Task1 runs periodically every 1 second and toggles LED1. Task2 also runs periodically every 250 milliseconds and polls the user switch SW2 and toggles LED2 if the switch is pressed. Task3 only runs when the user switch SW3 is pressed. Task3 registers a change notification callback on SW3 pin and then blocks on switch press semaphore. The switch press semaphore is released when the change notification callback is given. Task3 toggles LED3 and again blocks on switch press semaphore.
Downloading and Building the Application
To clone or download this application from Github, go to the main page of this repository and then click Clone button to clone this repository or download as zip file. This content can also be downloaded using content manager by following these instructions.
Path of the application within the repository is apps/rtos/freertos/basic_freertos/firmware.
To build the application, refer to the following table and open the project using its IDE.
Project Name | Description |
---|---|
pic32mx470_curiosity.X | MPLABX project for Curiosity PIC32MX470 Development Board |
pic32mx_eth_sk2.X | MPLABX project for PIC32 Ethernet Starter Kit |
pic32mx_xlp_sk.X | MPLABX project for PIC32MX274 XLP Starter Kit |
pic32mx_sk.X | MPLABX project for PIC32MX Starter Kit |
Setting Up the Hardware
The following table shows the target hardware for the application projects.
Project Name | Description |
---|---|
pic32mx470_curiosity.X | Curiosity PIC32MX470 Development Board |
pic32mx_eth_sk2.X | PIC32 Ethernet Starter Kit |
pic32mx_xlp_sk.X | PIC32MX274 XLP Starter Kit |
pic32mx_sk.X | PIC32MX Starter Kit |
Setting Up Curiosity PIC32MX470 Development Board
- Connect mini USB cable to the ‘Debug USB’ connector(J3) on the board to the computer
- Install the USB UART click board on to the mikroBUS socket J5 of Curiosity PIC32MX470 Development Board
- Connect mini USB cable to the USB UART click board.
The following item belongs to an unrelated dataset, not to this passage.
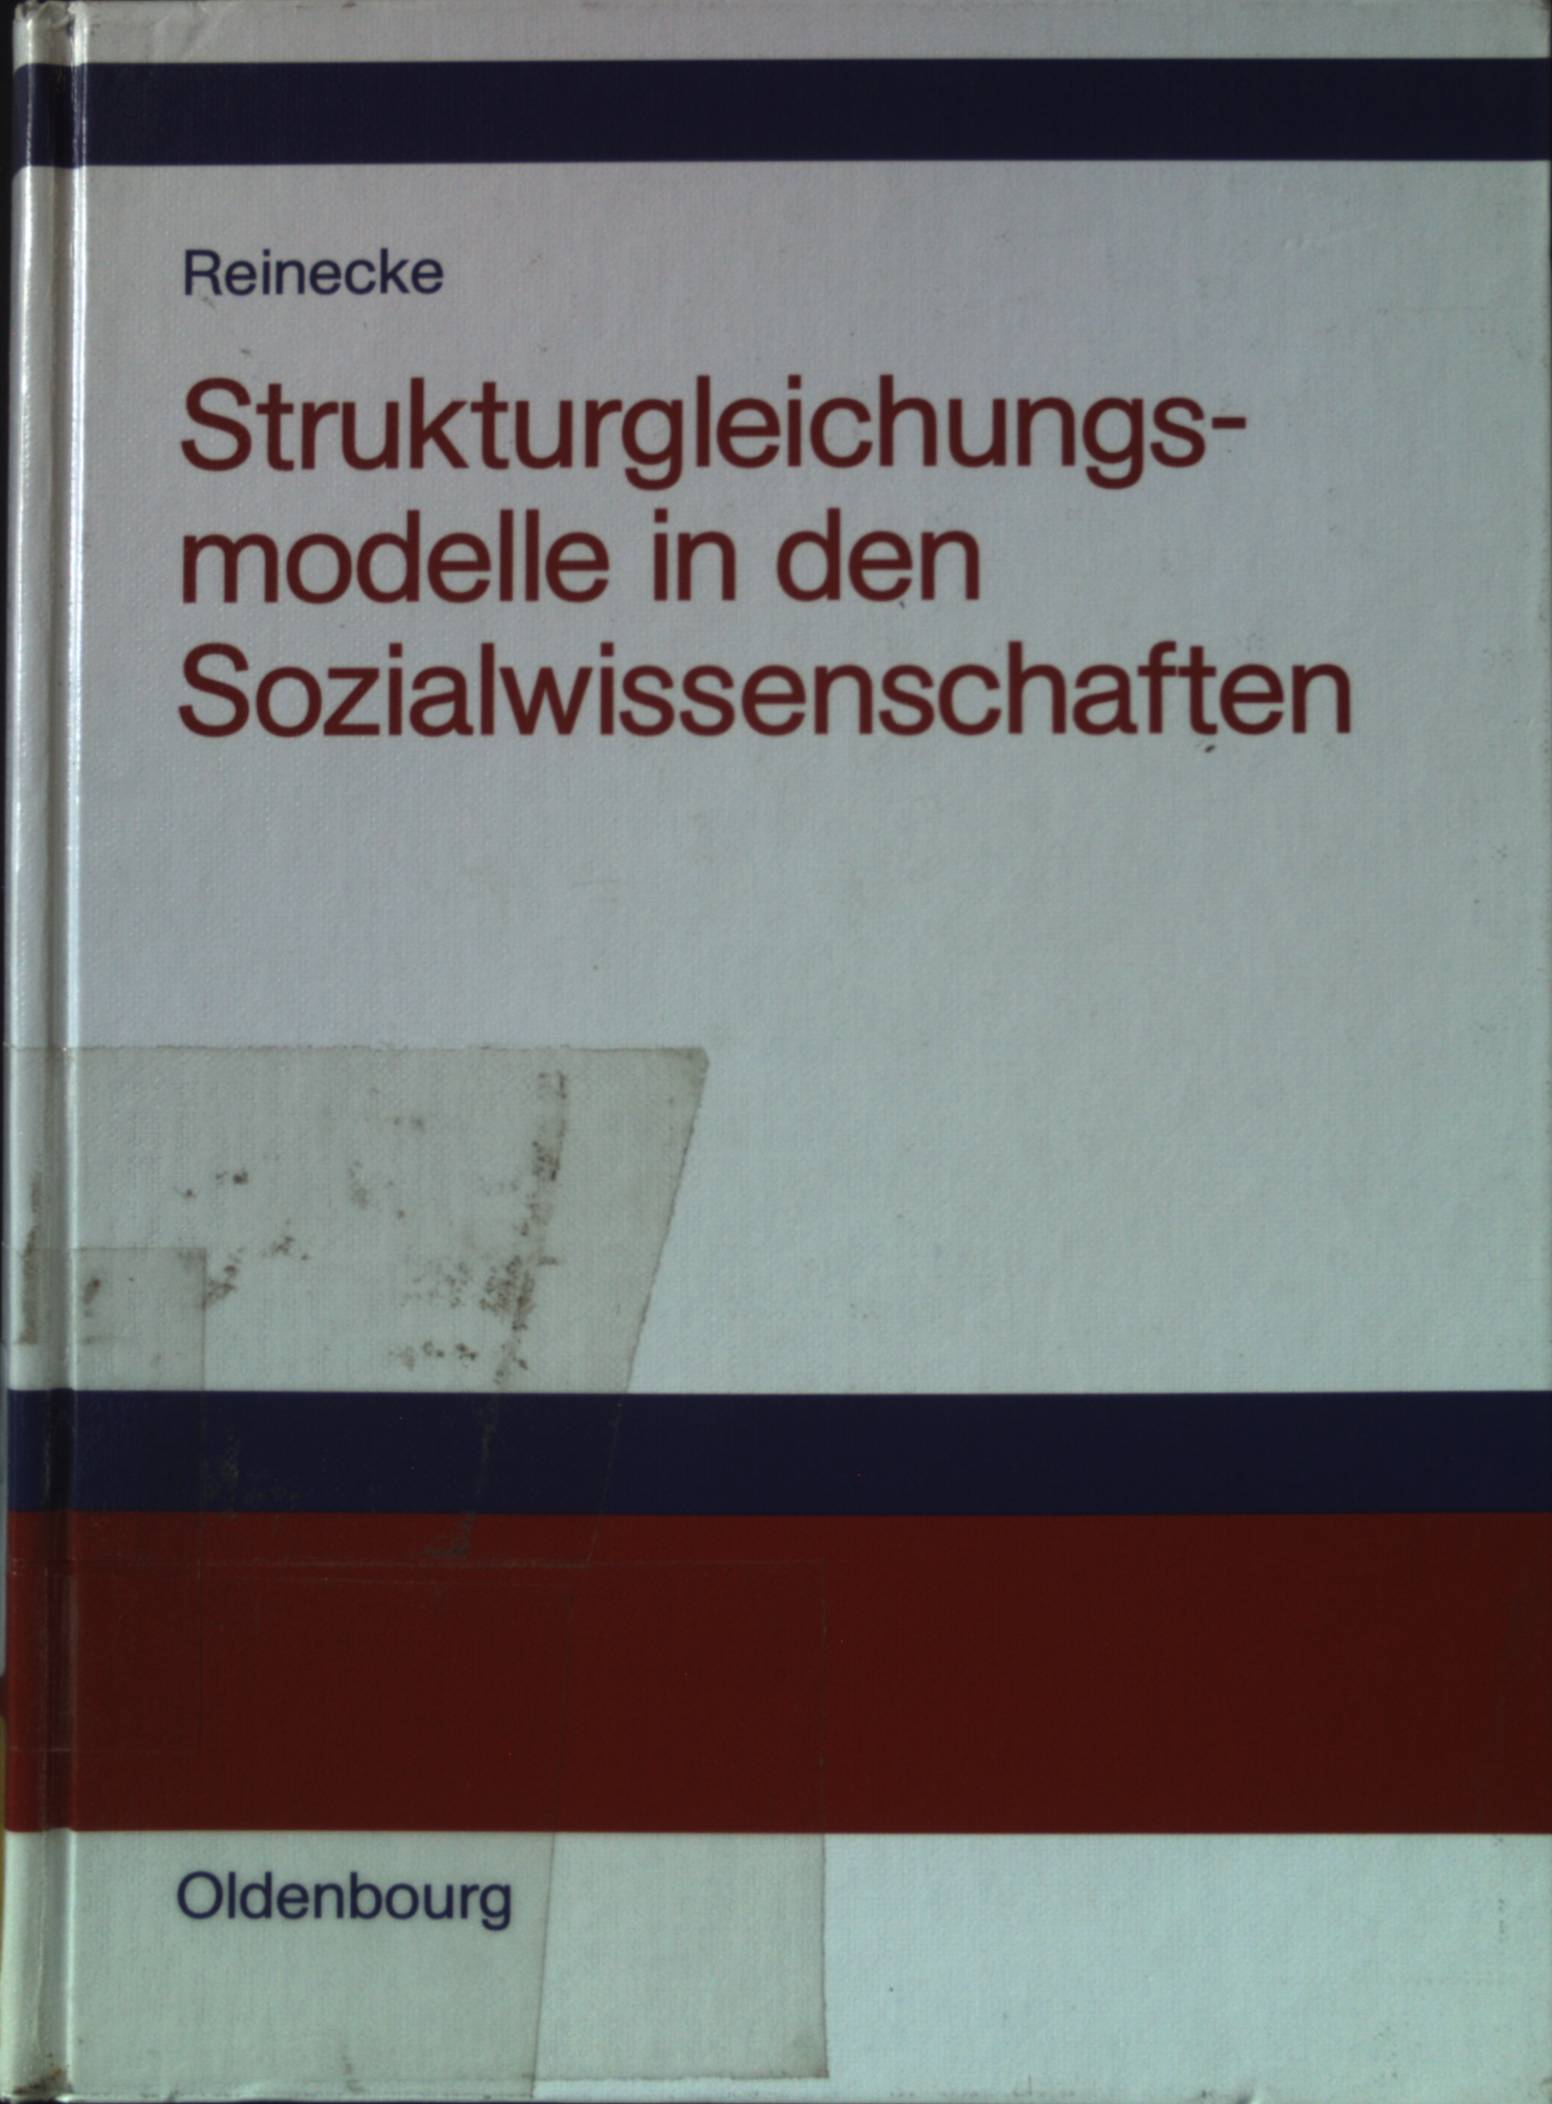 Strukturgleichungsmodelle in den Sozialwissenschaften. - Reinecke, Jost

This will enumerate the
USB to UART portNote: Ensure that the series resistors on the mikroBUS headers are of value 0 Ohms.
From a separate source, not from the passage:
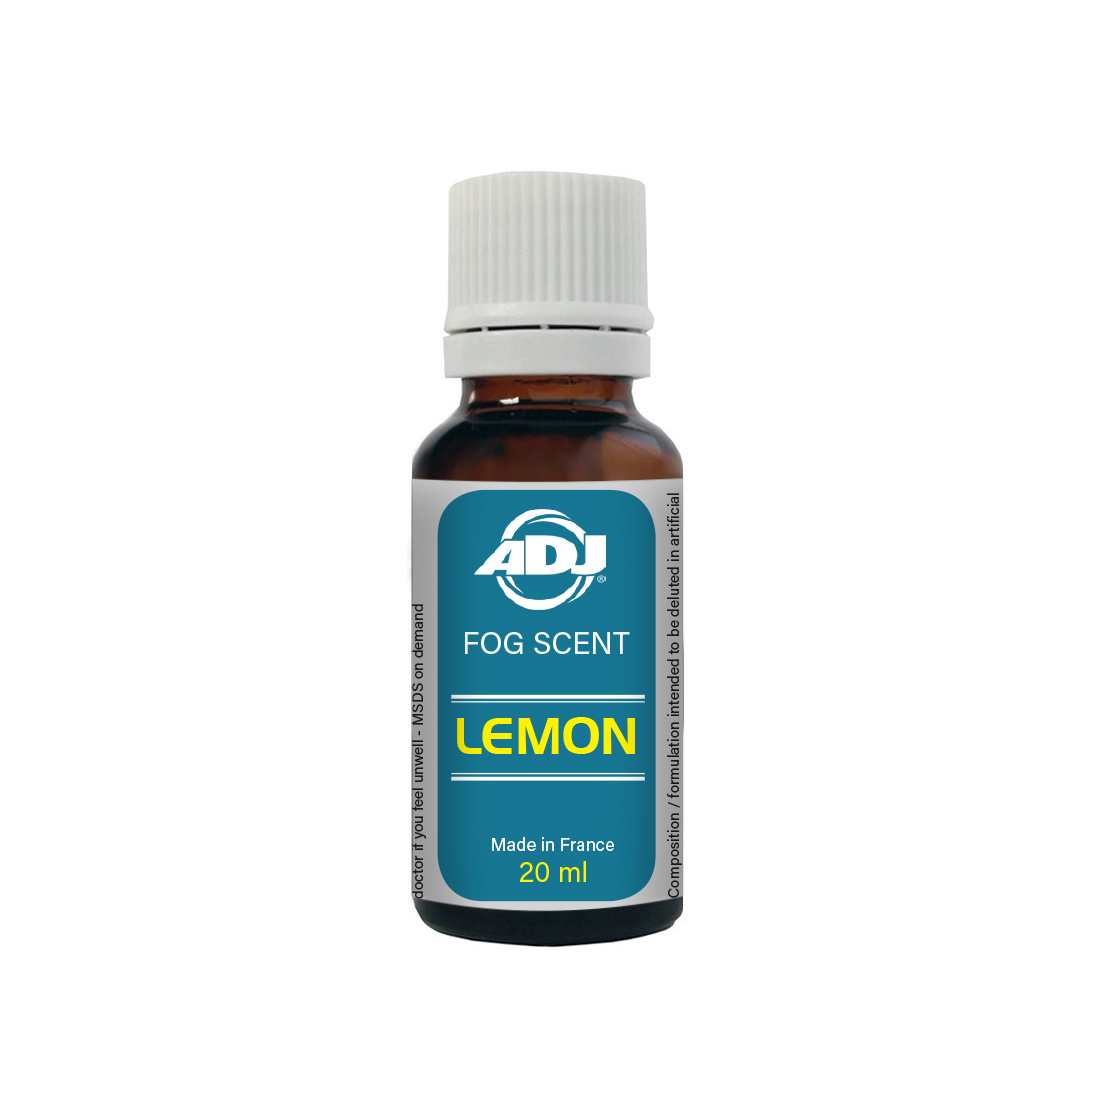 ADJ Fog Scent Lemon 20ML

Setting Up PIC32 Ethernet Starter Kit
- Connect the Debug USB port on the board to the computer using a mini USB cable
Setting Up PIC32MX274 XLP Starter Kit
- Connect micro USB cable to the ‘Debug USB’ connector(J9) on the board to the computer
- Install the USB UART click board on to the mikroBUS socket J5 of PIC32MX274 XLP Starter Kit
- Connect mini USB cable to the USB UART click board. This will enumerate the USB to UART port
Setting Up PIC32MX Starter Kit
- Connect mini USB cable to the ‘Debug USB’ connector(J1) on the board to the computer
Running the Application on Curiosity PIC32MX470 Development Board and PIC32MX274 XLP Starter Kit
- Open the Terminal application (Ex.:Tera Term) on the computer.
- Configure the serial port settings as follows:
- Baud : 115200
- Data : 8 Bits
- Parity : None
- Stop : 1 Bit
- Flow Control : None
- Build and program the application using its IDE.
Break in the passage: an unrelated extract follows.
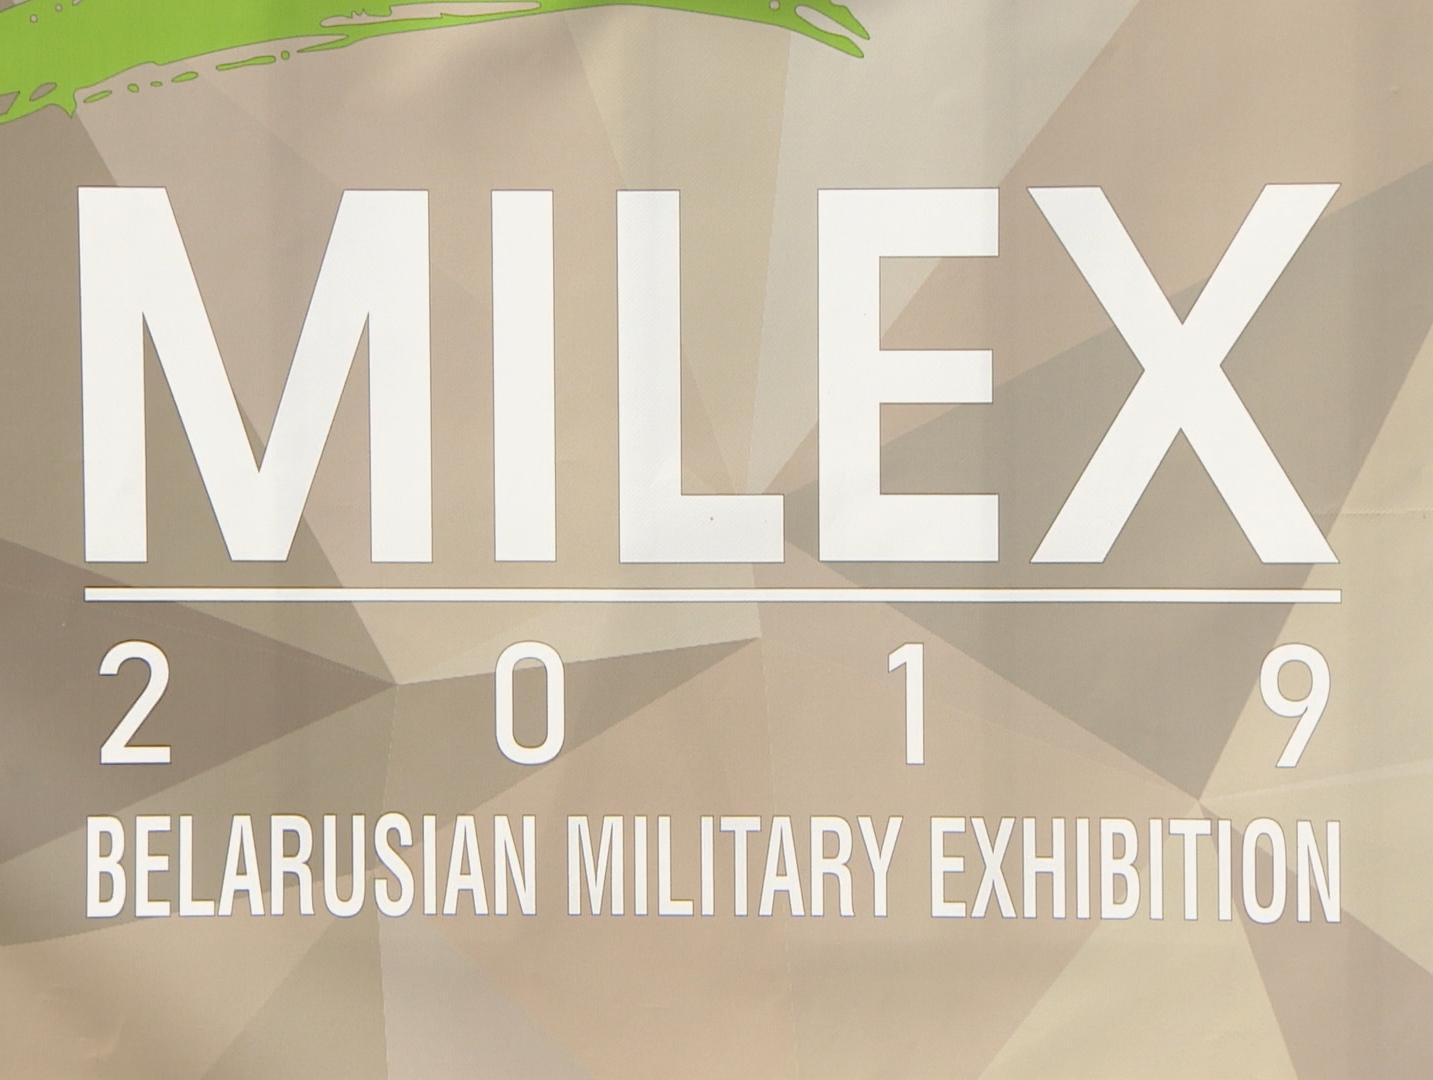 Выставка военной техники и вооружения MILEX открылась в Минске

- Observe the following output on the terminal.
- Enter any character on the terminal to run task3. Notice how task1 and task2 are pre-empted by task3 as task3 is of higher priority than task1 and task2. Pressing character ‘l’ or “L’ toggles the on board LED. Notice how task1 and task2 are not run when characters are entered continuously on the terminal.
- This step is applicable only for Curiosity PIC32MX470 Development Board. Press the user switch on the board to run task4. Notice how task4 preempts all other tasks as it is of highest priority.
Board | Switch Name | LED Name |
---|---|---|
Curiosity PIC32MX470 Development Board | S1 | LED1 |
PIC32MX274 XLP Starter Kit | NA | LED1 |
Running the Application on PIC32 Ethernet Starter Kit and PIC32MX Starter Kit
- Build and program the application using its IDE.
- Observe LED1 toggle every 1 second.
- Press switch SW2 and observe LED2 toggle. Switch SW2 is polled by Task2 at an interval of every 250 milliseconds.
- Press switch SW3 and observe LED3 toggle. Switch SW3 IO pin is configured to generate a change notification interrupt. Task3 is activated by giving a semaphore in the change notification event handler.